_To do:_
Pictures in the listing do not belong in the copy, which should repeat exactly the lines from the one holding "Personalizzato neonata estate" through the last line.

_Information provided:_
----

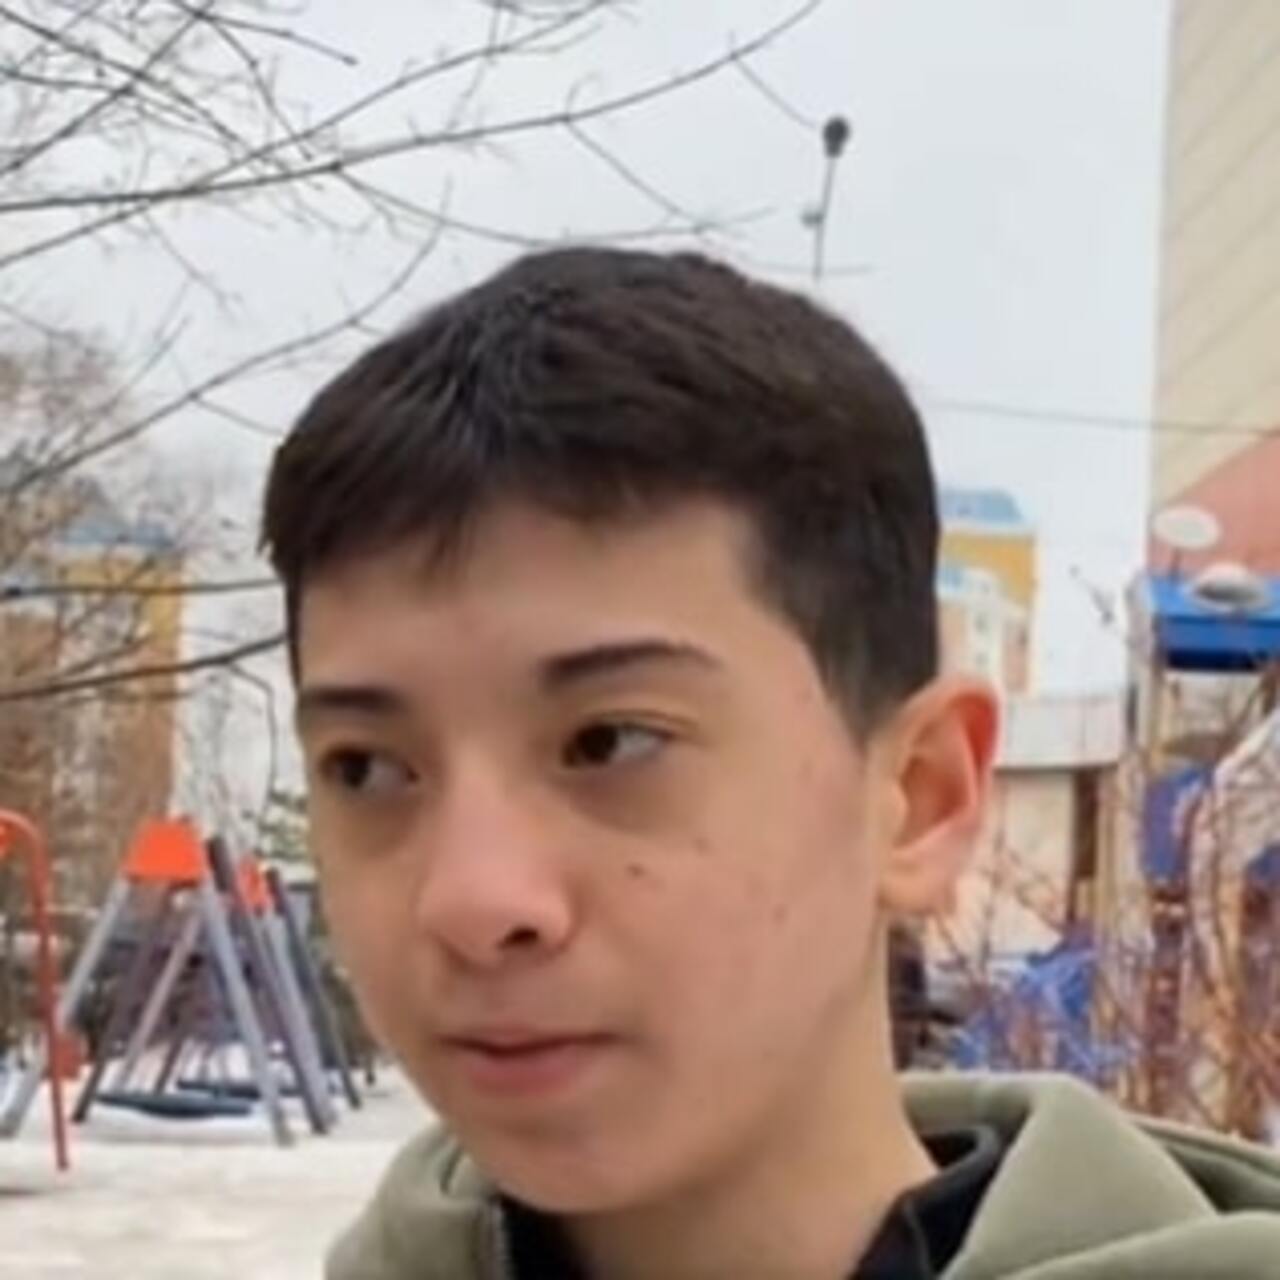 Moskova saldırısında onlarca kişiyi kurtaran 15 yaşındaki çocuk kahraman oldu
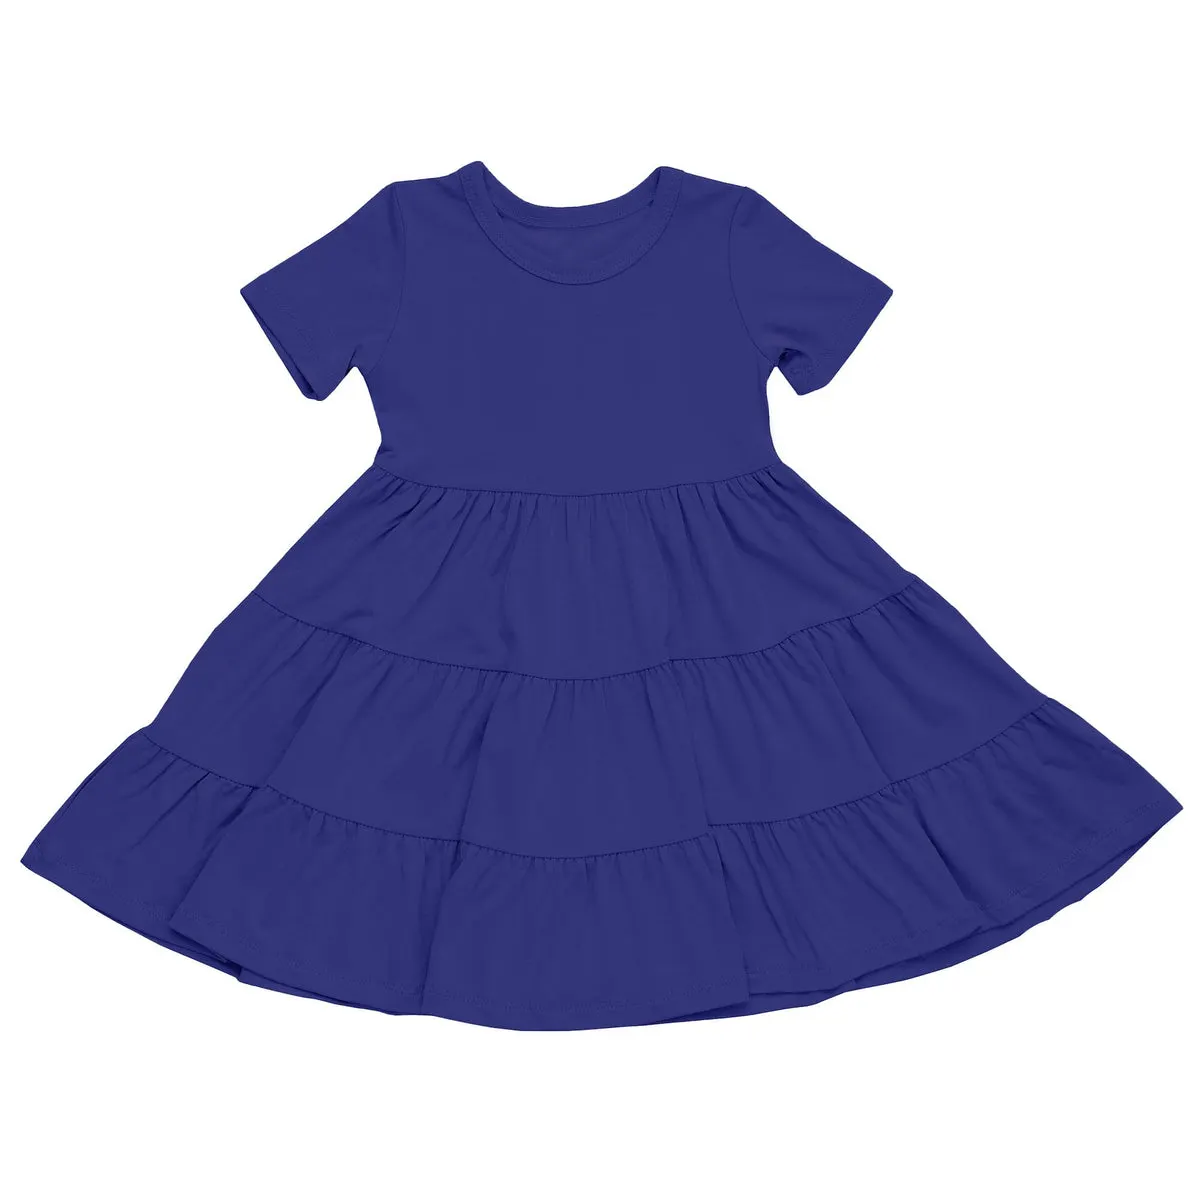 Personalizzato neonata estate manica corta vestito a strati neonato bambino a strati vestito gonfio fantasia vestiti per bambini 1-3 anni ragazze
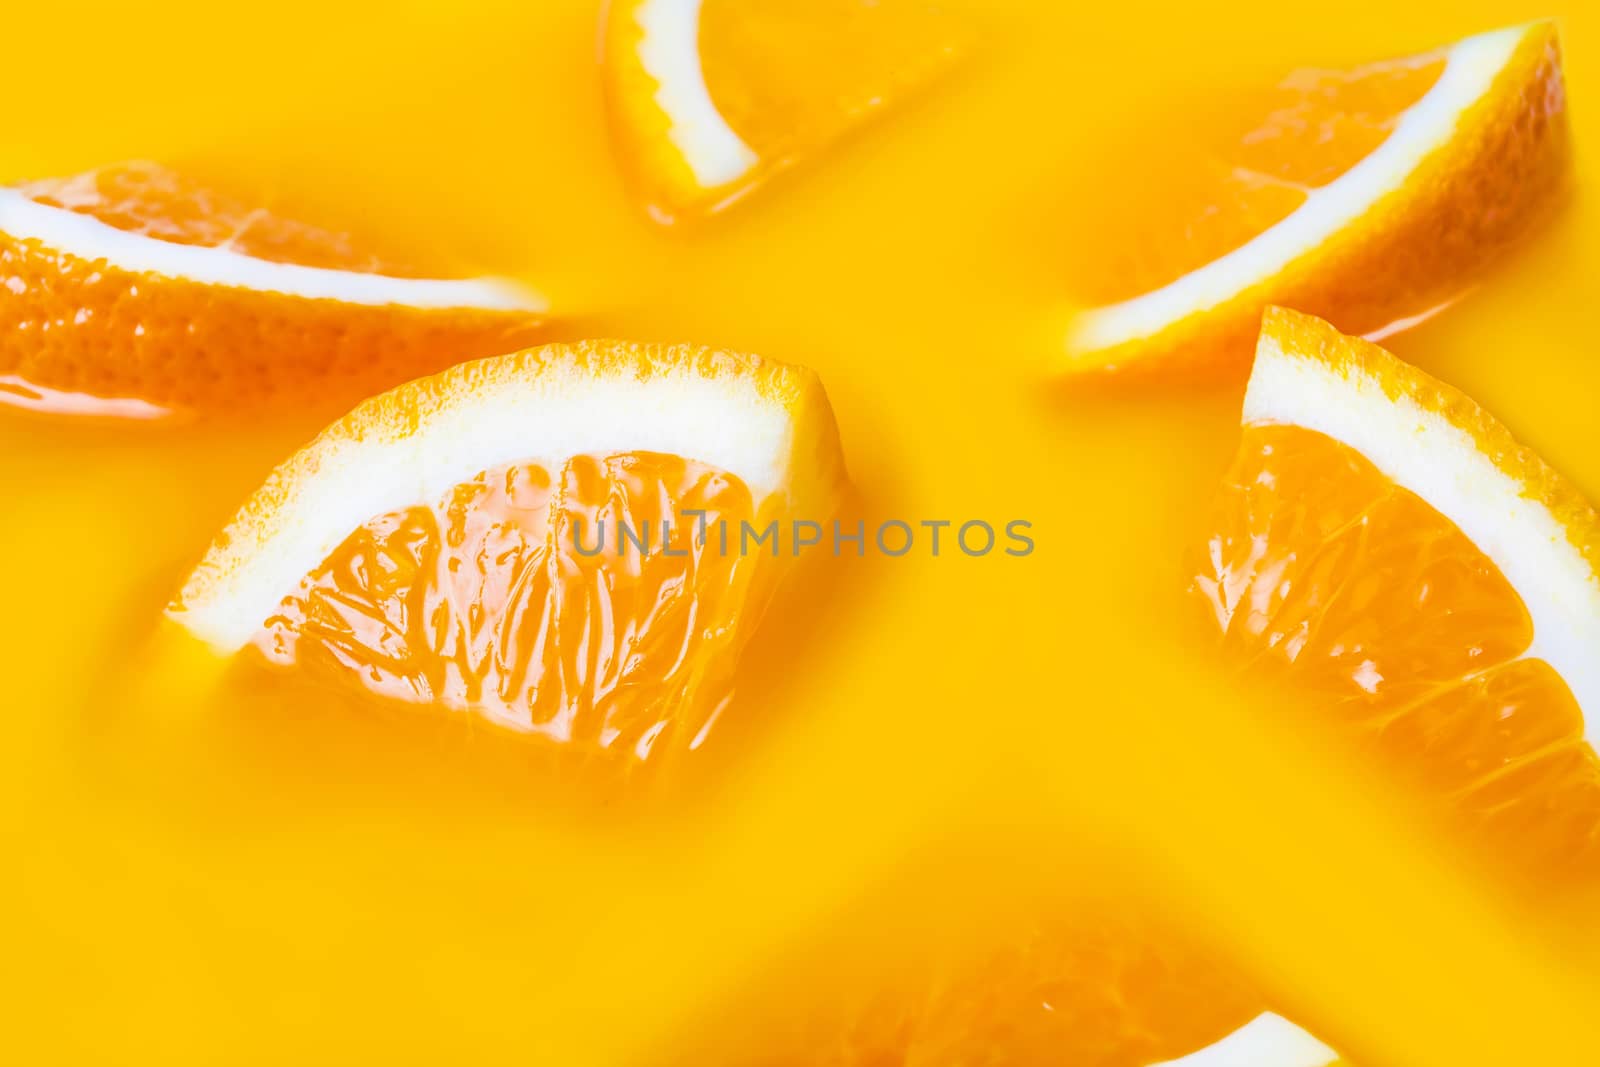 Many fresh a slice of orange close-up on yellow background
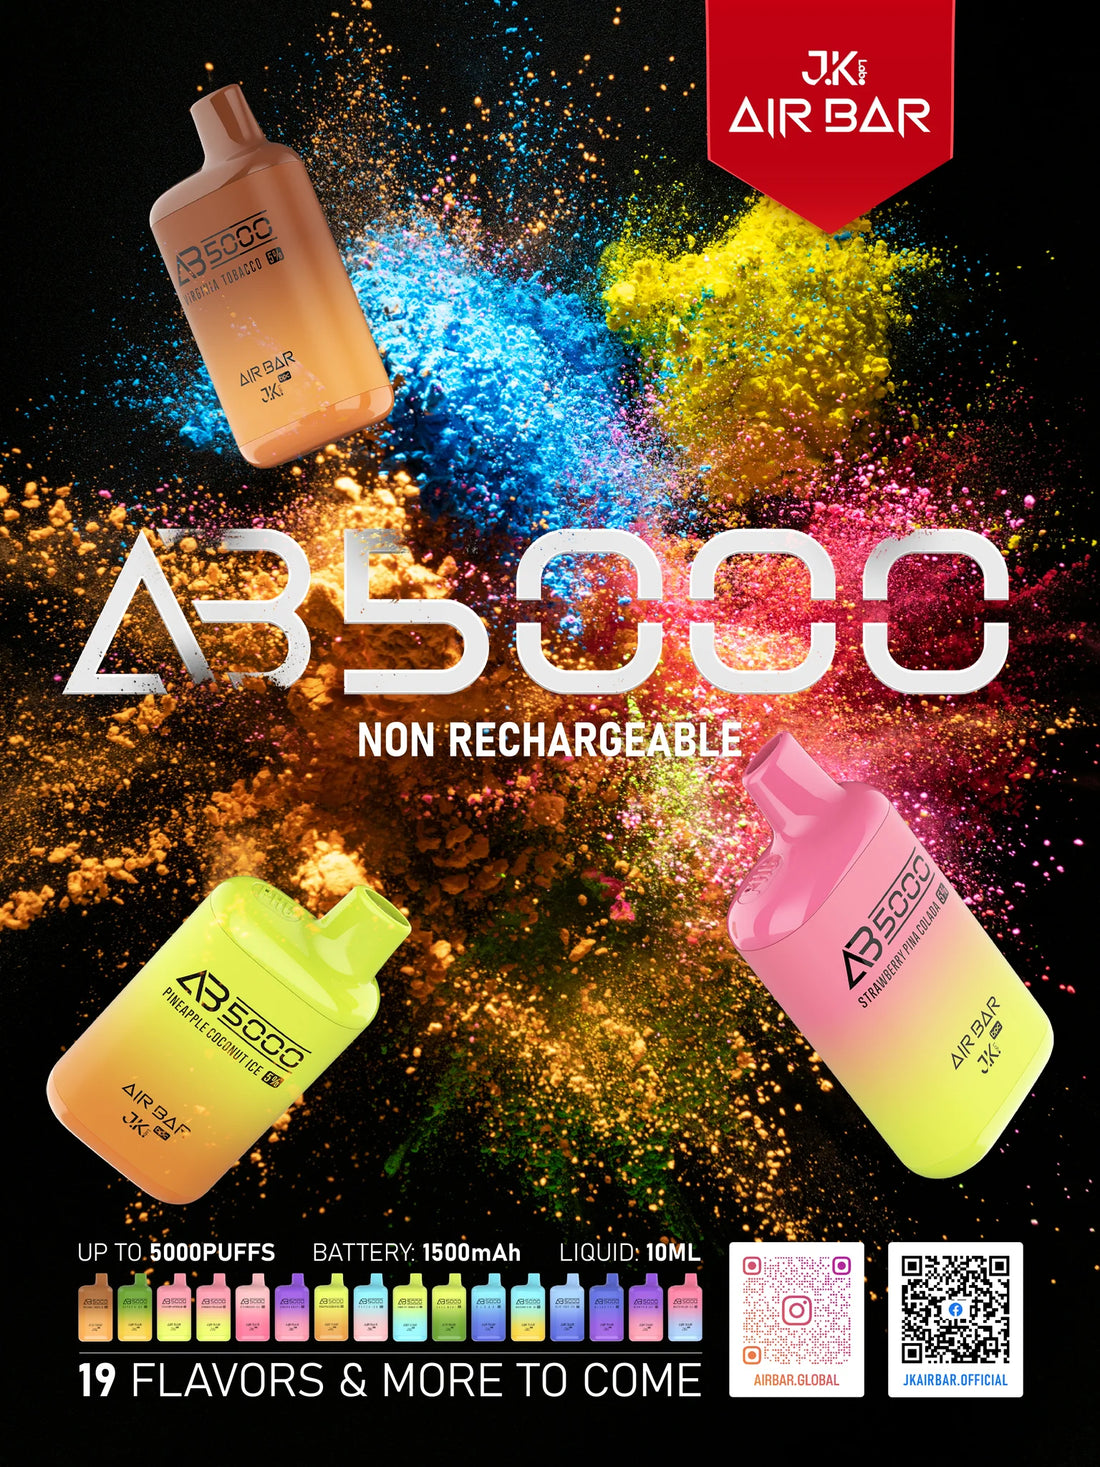 Air Bar AB5000 Puff Disposable Vape - Which Flavor to Choose?

----

_Task response:_
 Personalizzato neonata estate manica corta vestito a strati neonato bambino a strati vestito gonfio fantasia vestiti per bambini 1-3 anni ragazze
 Many fresh a slice of orange close-up on yellow background
 Air Bar AB5000 Puff Disposable Vape - Which Flavor to Choose?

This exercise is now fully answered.